Task details
Take the line containing "5257cf8a4 $199 Pandora" and each line after it through the end of the data below, and return them exactly, minus any pictures.

Available data
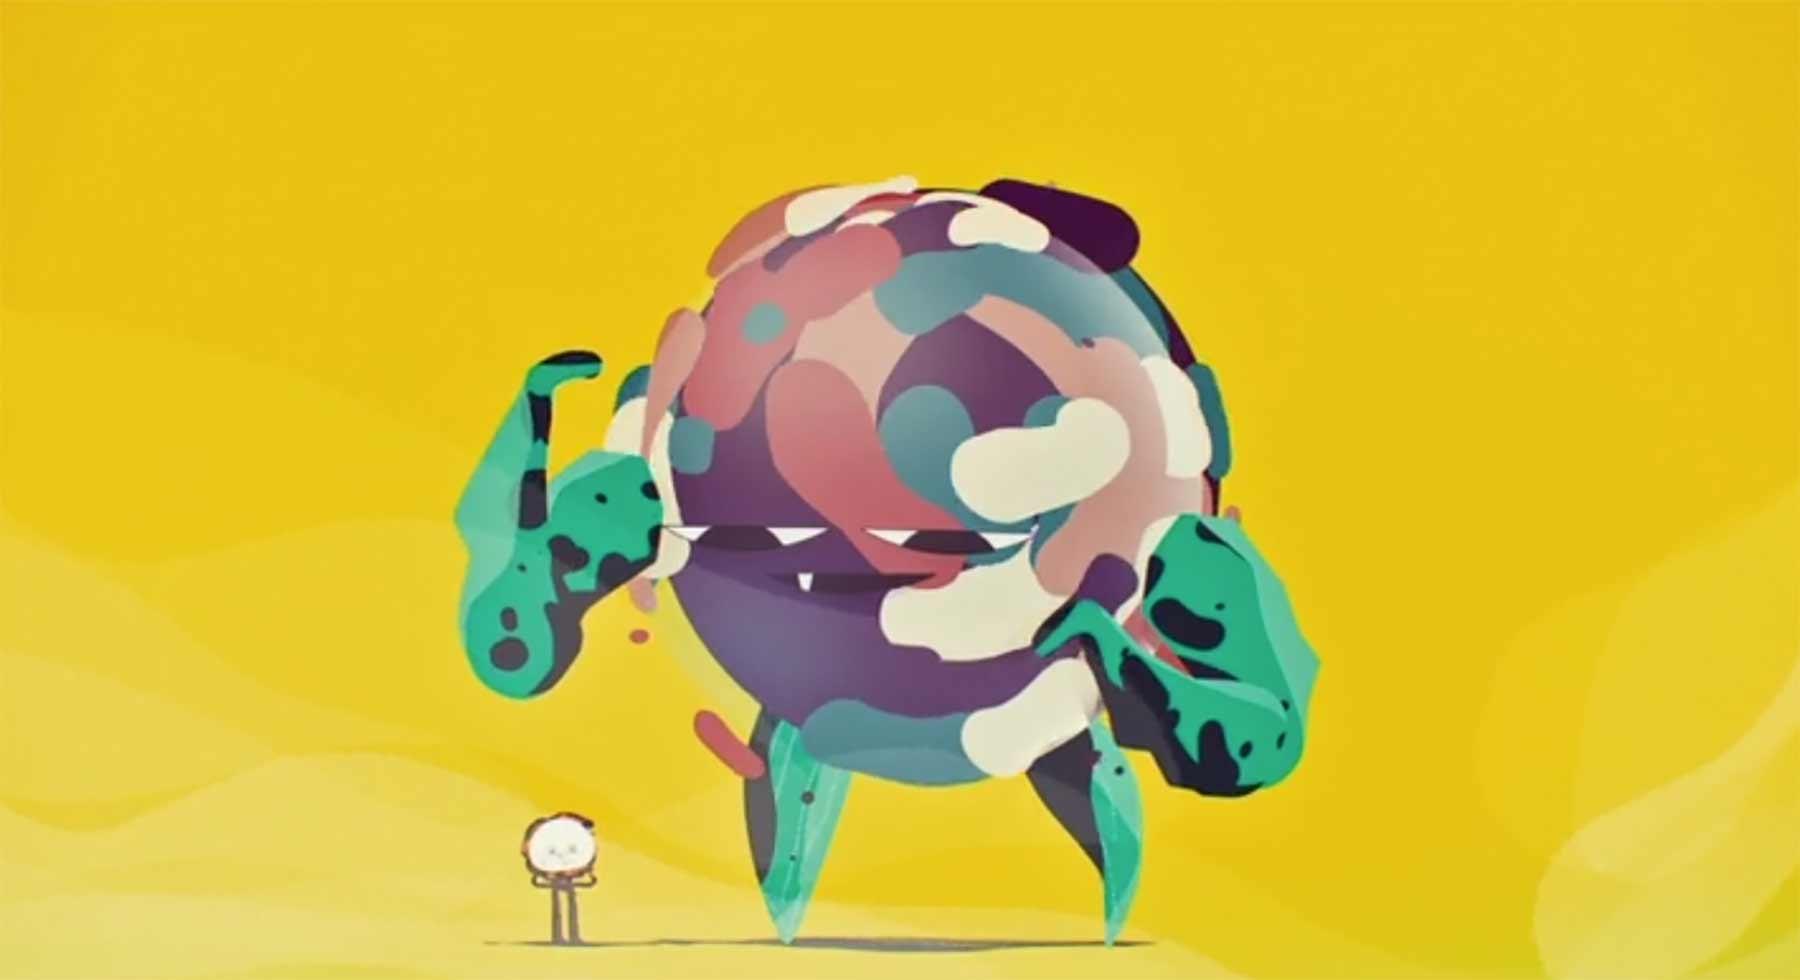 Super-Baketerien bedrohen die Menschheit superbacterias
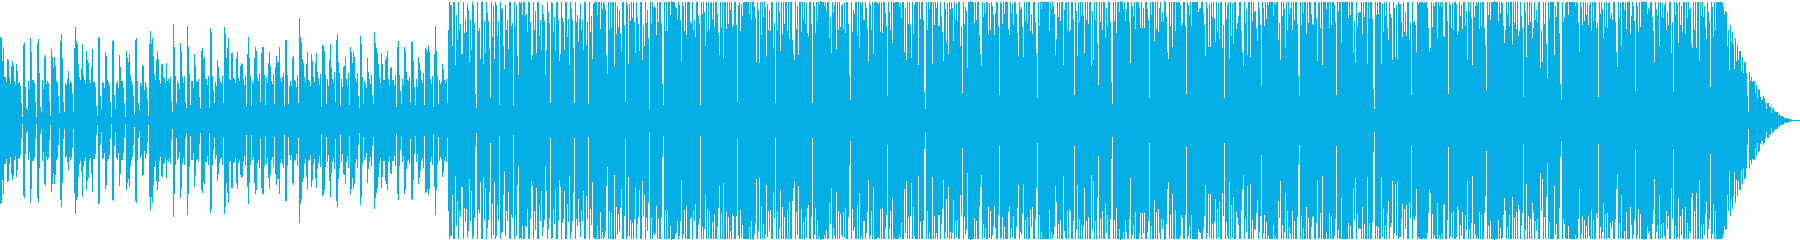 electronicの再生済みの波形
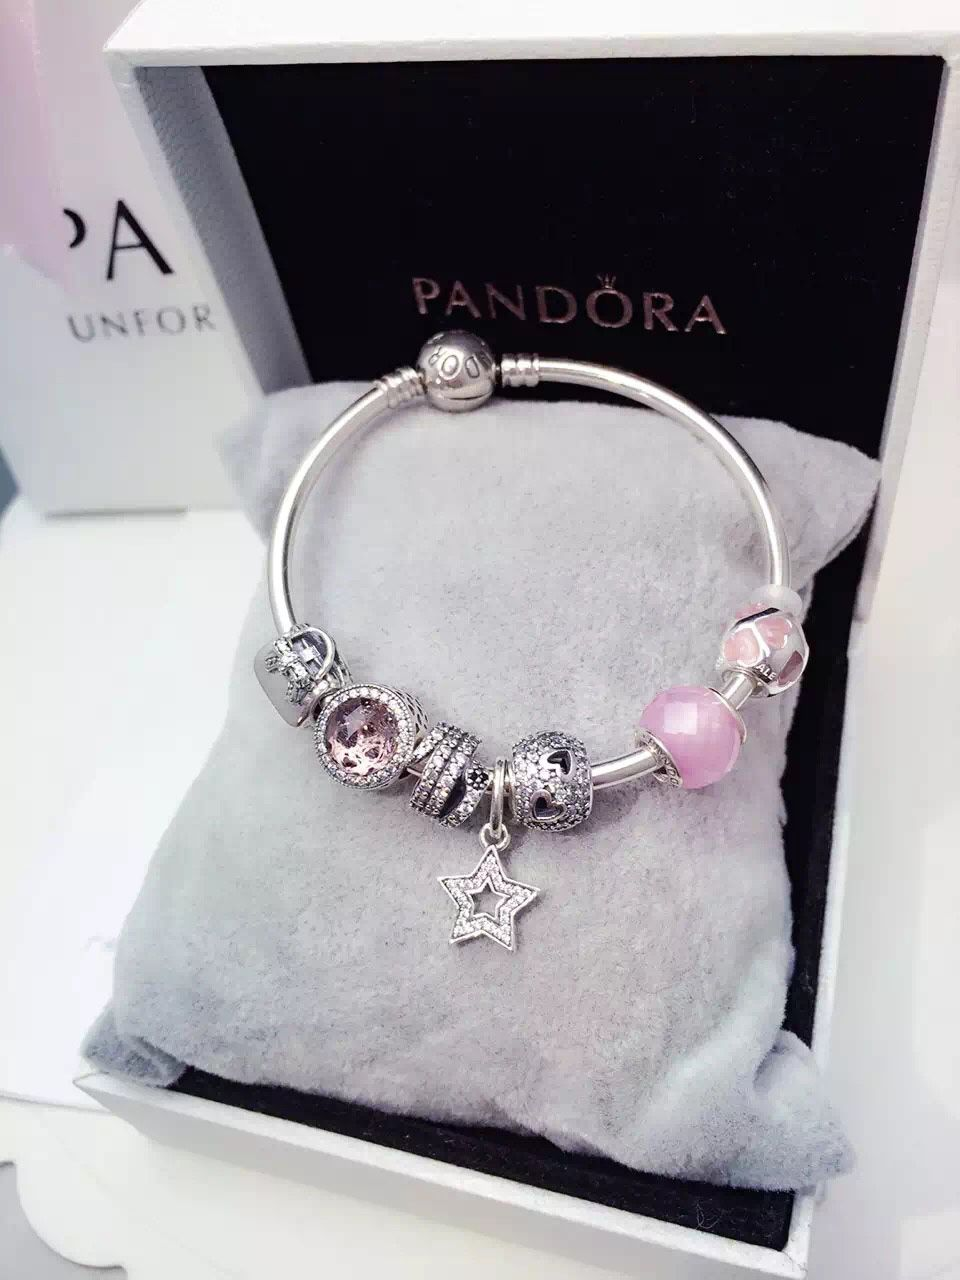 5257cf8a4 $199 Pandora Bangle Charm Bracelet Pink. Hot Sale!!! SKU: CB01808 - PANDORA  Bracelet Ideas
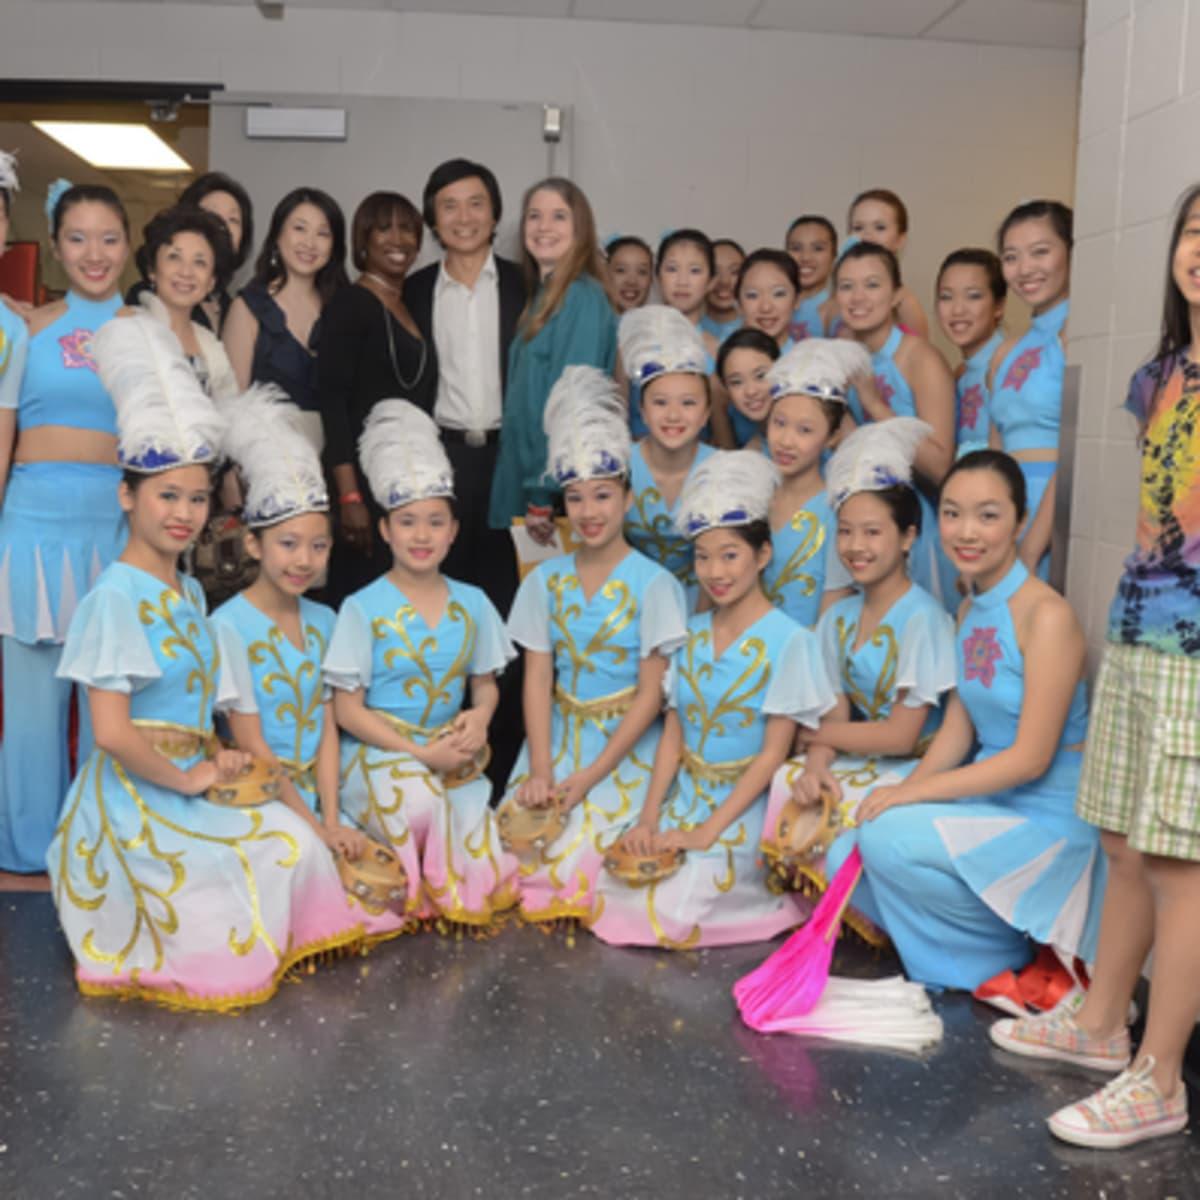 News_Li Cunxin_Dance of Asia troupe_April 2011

Your response
 5257cf8a4 $199 Pandora Bangle Charm Bracelet Pink. Hot Sale!!! SKU: CB01808 - PANDORA  Bracelet Ideas
 News_Li Cunxin_Dance of Asia troupe_April 2011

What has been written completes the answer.